School of Medicine, Southwest Jiaotong University, Laboratory of Allergy and Precision Medicine, Chengdu Institute of Respiratory Health, The Third People's Hospital of Chengdu, Affiliated Hospital of Southwest Jiaotong University, Chengdu 610031, China; Department of Pulmonary and Critical Care Medicine, Chengdu Third People's Hospital Branch of National Clinical Research Center for Respiratory Disease, Affiliated Hospital of ChongQing Medical University, Chengdu 610031, China.
School of Medicine, Southwest Jiaotong University, Laboratory of Allergy and Precision Medicine, Chengdu Institute of Respiratory Health, The Third People's Hospital of Chengdu, Affiliated Hospital of Southwest Jiaotong University, Chengdu 610031, China.
Ecotoxicol Environ Saf. 2022 Oct 1;244:114039. doi: 10.1016/j.ecoenv.2022.114039. Epub 2022 Aug 30.
Evidence suggests that exposure to PM increased hospitalization and mortality rates of respiratory diseases. However, the potential biomarkers and targets associated with PM-induced lung dysfunction are not fully discovered.
Gene Ontology (GO), Kyoto Encyclopedia of Genes and Genomes (KEGG) and HALLMARK enrichment analysis of the RNA-seq data (Beas-2B cells treated with PM) were applied. Gene set enrichment analysis (GSEA) was performed to identify the biological processes correlated with autophagy. Three gene expression profile datasets (GSE158954, GSE155616 and GSE182199) were downloaded from the Gene Expression Omnibus (GEO) database to identify the potential targets. PM-exposed mice were constructed. Real-time qPCR, siRNA transfection, western blot, immunofluorescence, and pathological staining were applied for validation both in vitro and in vivo studies.

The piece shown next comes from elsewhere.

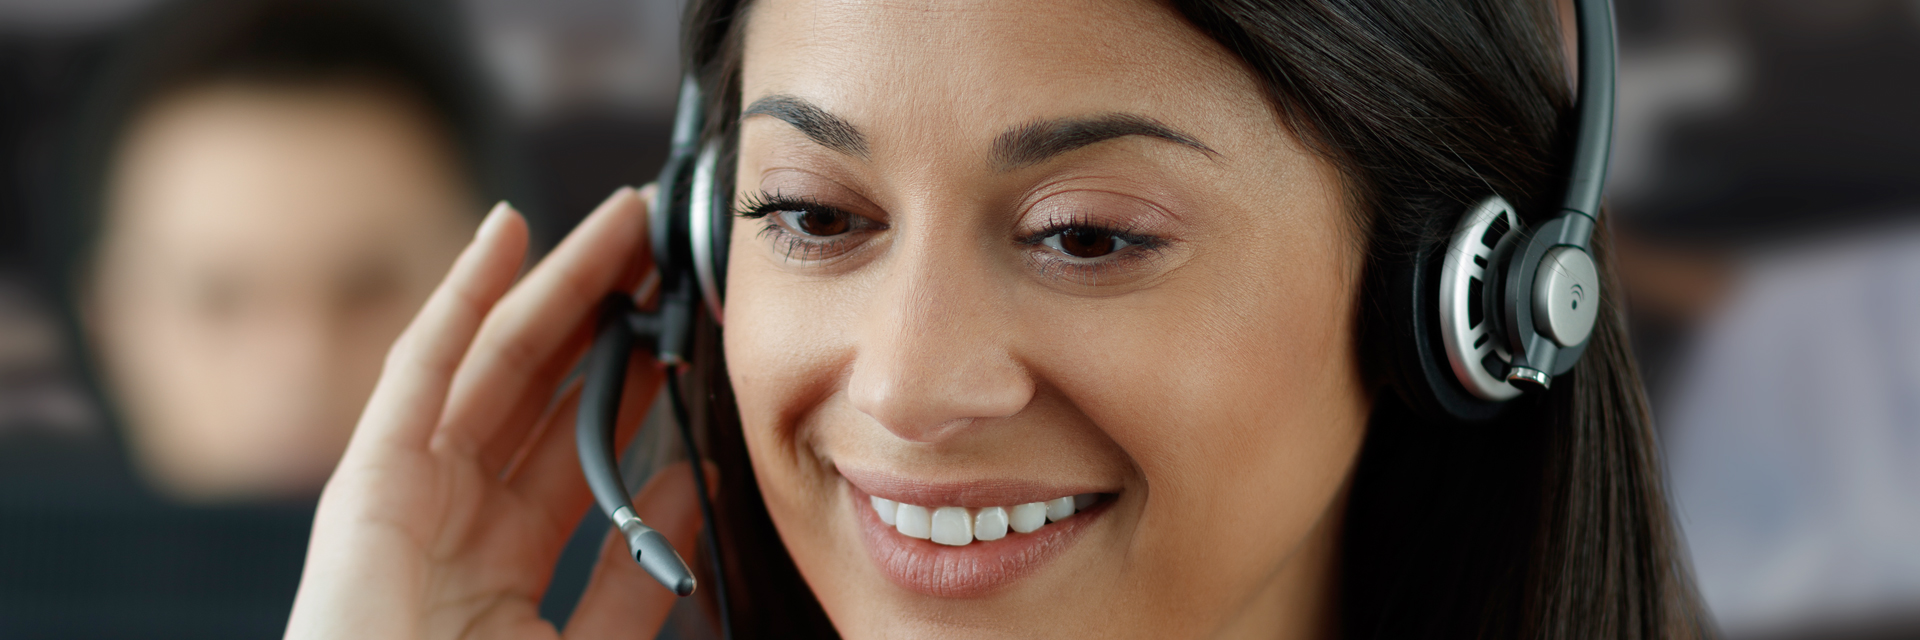 Woman answering the phone with a headset

GO, KEGG and HALLMARK enrichment based on RNA-seq data showed that the differentially expressed genes (DEGs) were associated with autophagy like lysosome and macroautophagy. GSEA analysis revealed that PM was positively correlated with autophagy-related biological processes compared with control group. Venn diagrams identified IL24 was upregulated in our data as well as in these three datasets (GSE158954, GSE155616 and GSE182199) after PM exposure. Consistent with the analysis, activation of autophagy by PM was validated in vivo and in vitro. In PM-exposed mice, lung pathological changes were observed, including airway inflammation and mucus secretion. The mRNA and protein levels of the key gene, IL24, were significantly increased. Moreover, Bafilomycin A1, the inhibitor of autophagy, inhibited the autophagy and ameliorated lung injury induced by PM2.5. Furthermore, downregulation of IL24 decreased autophagy activity. Meanwhile, IL24 was regulated by mTOR signaling.
In summary, we discovered a potential relationship between IL24 and autophagy during PM exposure. IL24 might be a novel potential biomarker or therapeutic target in PM caused lung dysfunction through regulation of autophagy.
有证据表明,PM 的暴露会增加呼吸道疾病的住院率和死亡率。然而,与 PM 诱导的肺功能障碍相关的潜在生物标志物和靶点尚未完全发现。
对 PM(Beas-2B 细胞)处理后的 RNA-seq 数据进行基因本体论(GO)、京都基因与基因组百科全书(KEGG)和 HALLMARK 富集分析。进行基因集富集分析(GSEA)以鉴定与自噬相关的生物学过程。从基因表达综合数据库(GEO)下载了三个基因表达谱数据集(GSE158954、GSE155616 和 GSE182199),以鉴定潜在的靶标。构建 PM 暴露的小鼠模型。在体外和体内研究中,应用实时 qPCR、siRNA 转染、western blot、免疫荧光和病理染色进行验证。
基于 RNA-seq 数据的 GO、KEGG 和 HALLMARK 富集分析表明,差异表达基因(DEGs)与自噬相关,如溶酶体和巨自噬。GSEA 分析表明,与对照组相比,PM 与自噬相关的生物学过程呈正相关。Venn 图显示,在我们的数据以及这三个数据集(GSE158954、GSE155616 和 GSE182199)中,IL24 在 PM 暴露后上调。与分析一致,PM 在体内和体外均能激活自噬。在 PM 暴露的小鼠中,观察到肺部病理变化,包括气道炎症和粘液分泌。关键基因 IL24 的 mRNA 和蛋白水平显著增加。此外,自噬抑制剂 Bafilomycin A1 抑制了 PM2.5 诱导的自噬和肺损伤。此外,IL24 的下调降低了自噬活性。同时,IL24 受 mTOR 信号通路调节。
综上所述,我们在 PM 暴露过程中发现了 IL24 与自噬之间的潜在关系。IL24 可能是 PM 引起的肺功能障碍的一种新的潜在生物标志物或治疗靶点,通过调节自噬发挥作用。